The poem has a clear formal structure - the three-line stanzas have a loose rhyme scheme (“moors/door”, “tune/boom”, “fear/tears” and occasionally an internal rhyme “occur/blur”). The irregular metre is interrupted by many pauses, creating a slow and rather jerky rhythm as of disconnected statements.
The most obvious unifying feature is the way each stanza opens with a statement (a declarative) in a complete short sentence or main clause: “Nobody hurt you”, “Your questions were answered”, “Nobody forced you”, “What you recall are impressions” and “Nobody sent you away”. The last stanza also opens with a short sentence - but this time it is a question: “What does it matter now?”
The poem explores the gap between appearance and reality. In almost every case the parent does not dispute that something occurred that the child thought was bad. But the parent claims that the child has misunderstood things or remembered them not quite as they were. Partly the explanation for this is that the child's recollections are subjective “impressions” - which are mistaken or false memories.
The parent's reassurance is unconvincing, for various reasons - such as the way he or she shifts ground: “That didn't occur.
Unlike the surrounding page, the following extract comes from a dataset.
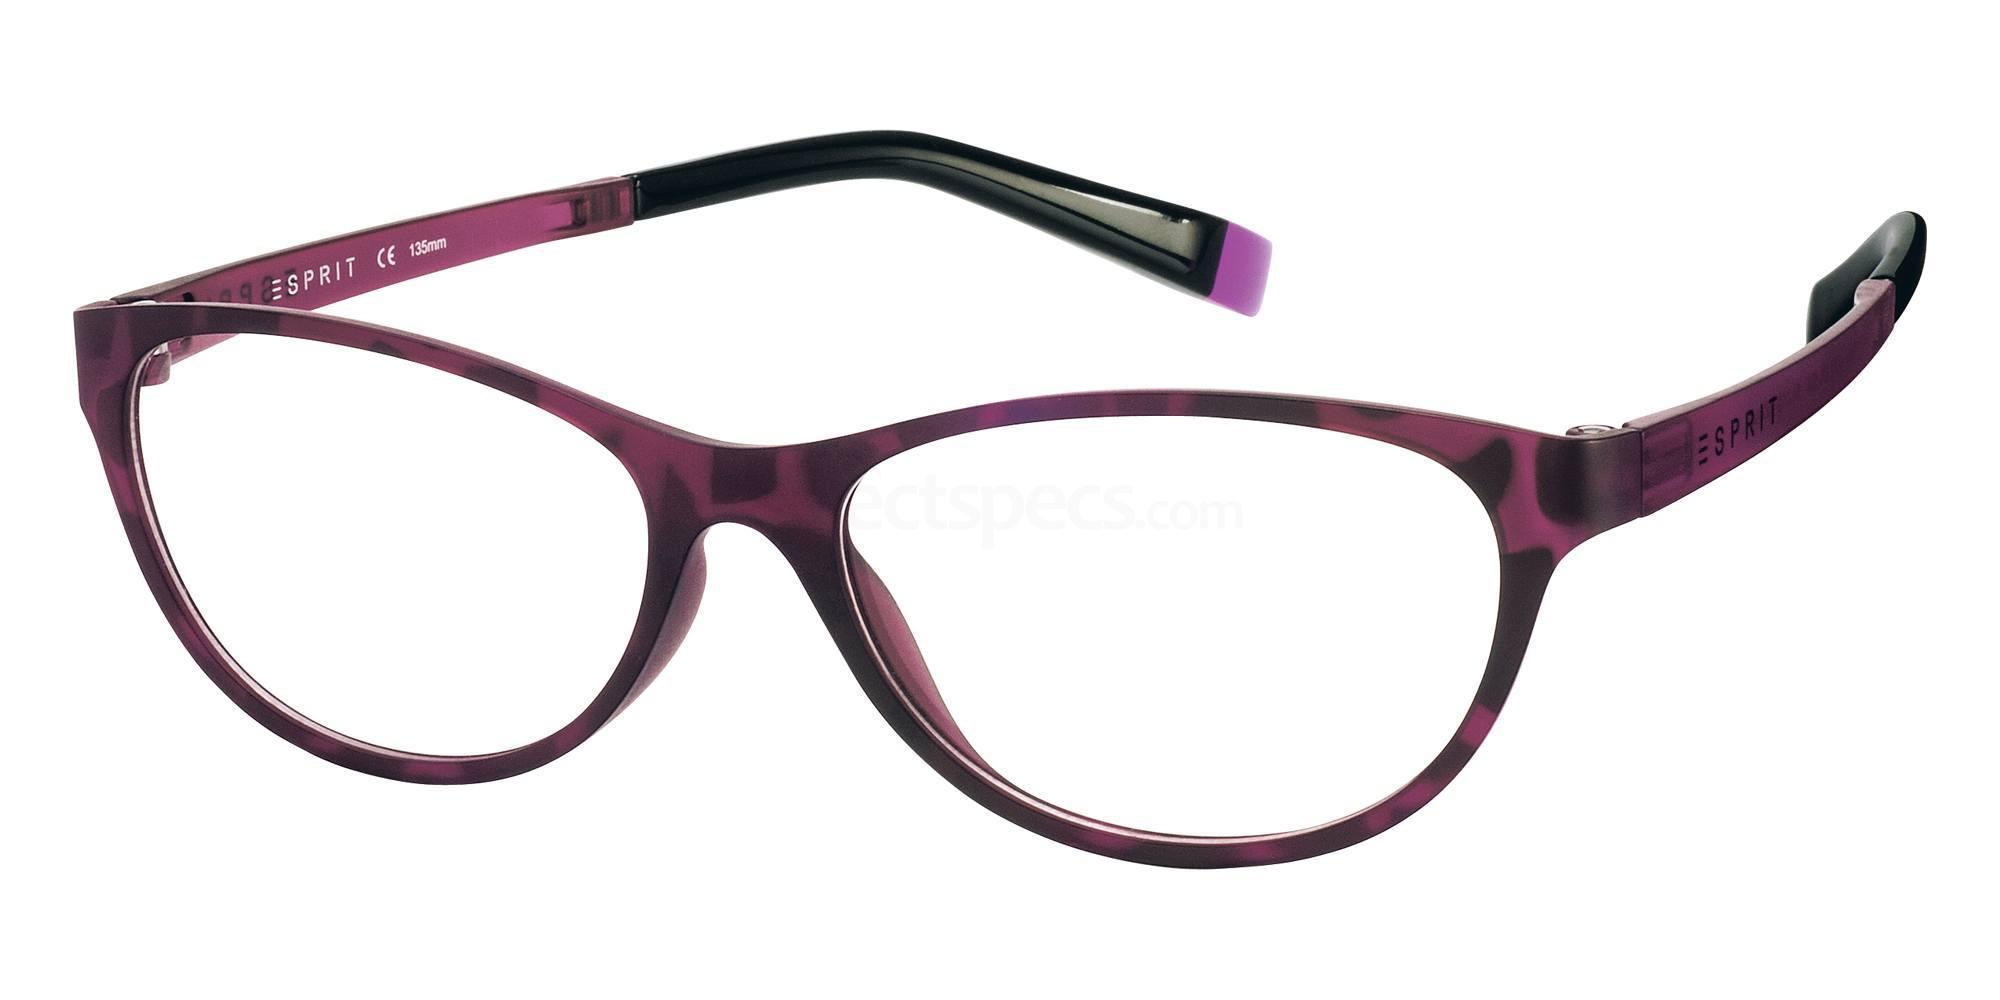 534 ET17456 Glasses, Esprit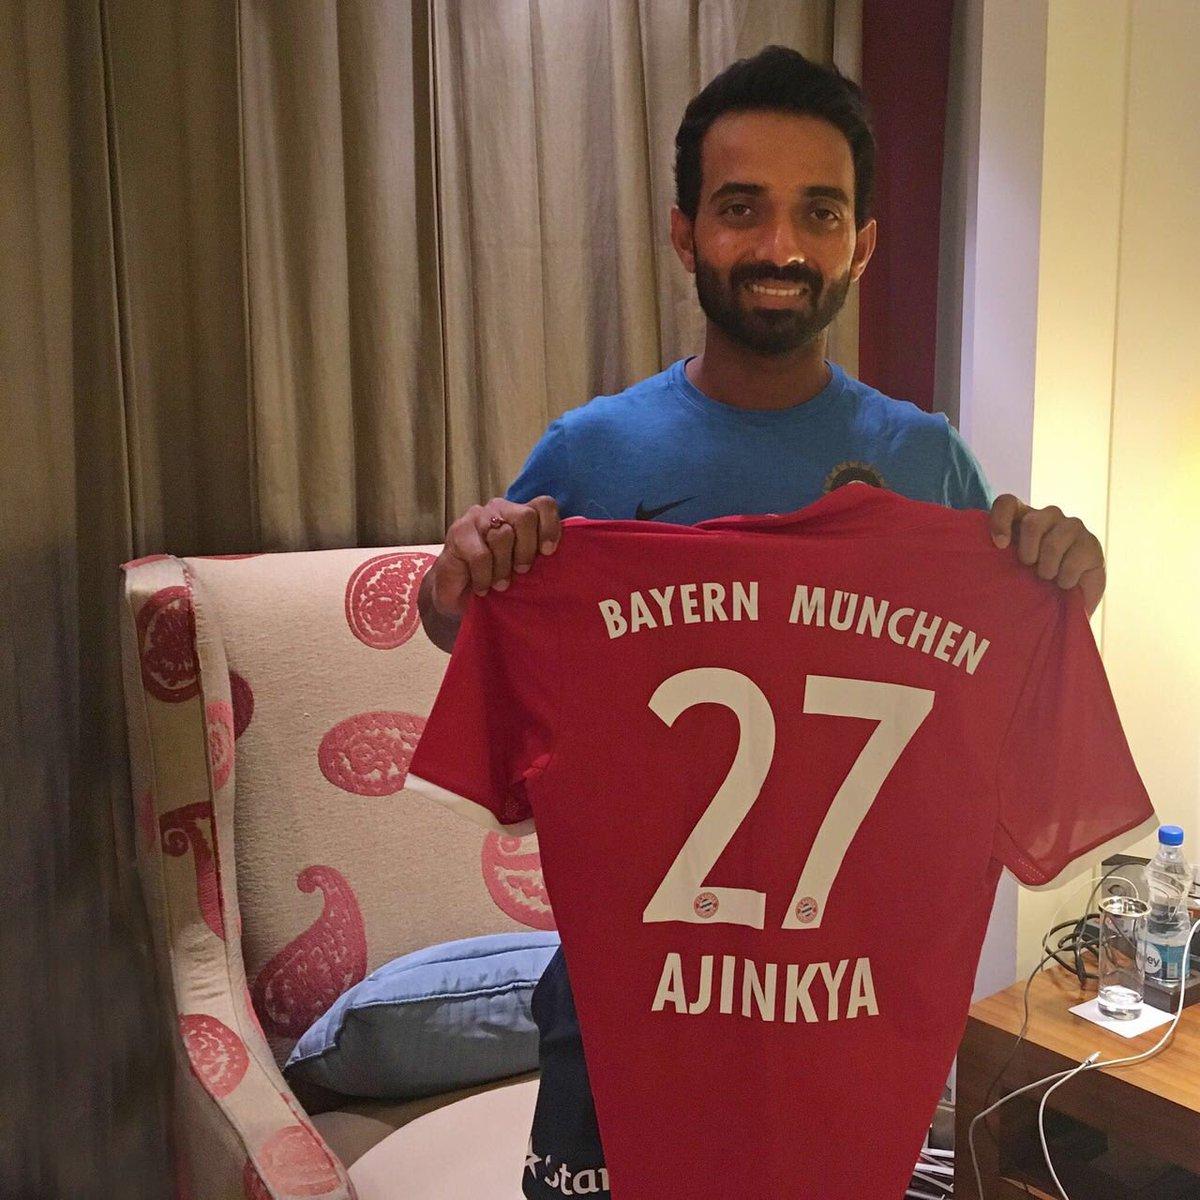 ajinkya-rahane-bayern-munich-jersey-fan

You couldn't sing anyway, cared less” or the way the parent claims to know the child's own feelings better than he or she ever did - “you wanted to go that day. Begged” and “people/You seemed to like”.
The ending of the poem is very harrowing - it appears that the child blames the parents for ruining his or her life, while they deny this: “nobody...laid you wide open for Hell.”
Not all families are like the one shown in the poem - and perhaps young people (most of whom may not yet be parents) will see things from the viewpoint of the child whose parent speaks here. But the poem challenges us all, if we are to be parents, to find ways to give the right mixture of freedom and discipline. The poem gives a harsh and cynical view of what childhood may be at its worst - we get a more positive view in Ms. Duffy's In Mrs. Tilscher's Class (not in the Anthology) and . It is far removed from the view or parental love for children in William Blake's Songs of Innocence, but close to the harshest of his Songs of Experience.
- How does this poem present the ideas of denial and self-justification?
- Which, as shown in the poem, is worse - the parents' (past) treatment of their child, or their continuing (present) denial of the truth of what happened?
- Does this poem support the idea that parents are really “older and wiser” than children?
- How might this poem help real parents to be better in caring for children?
- What view of childhood does the poem present? How does this compare with other poems in the Anthology?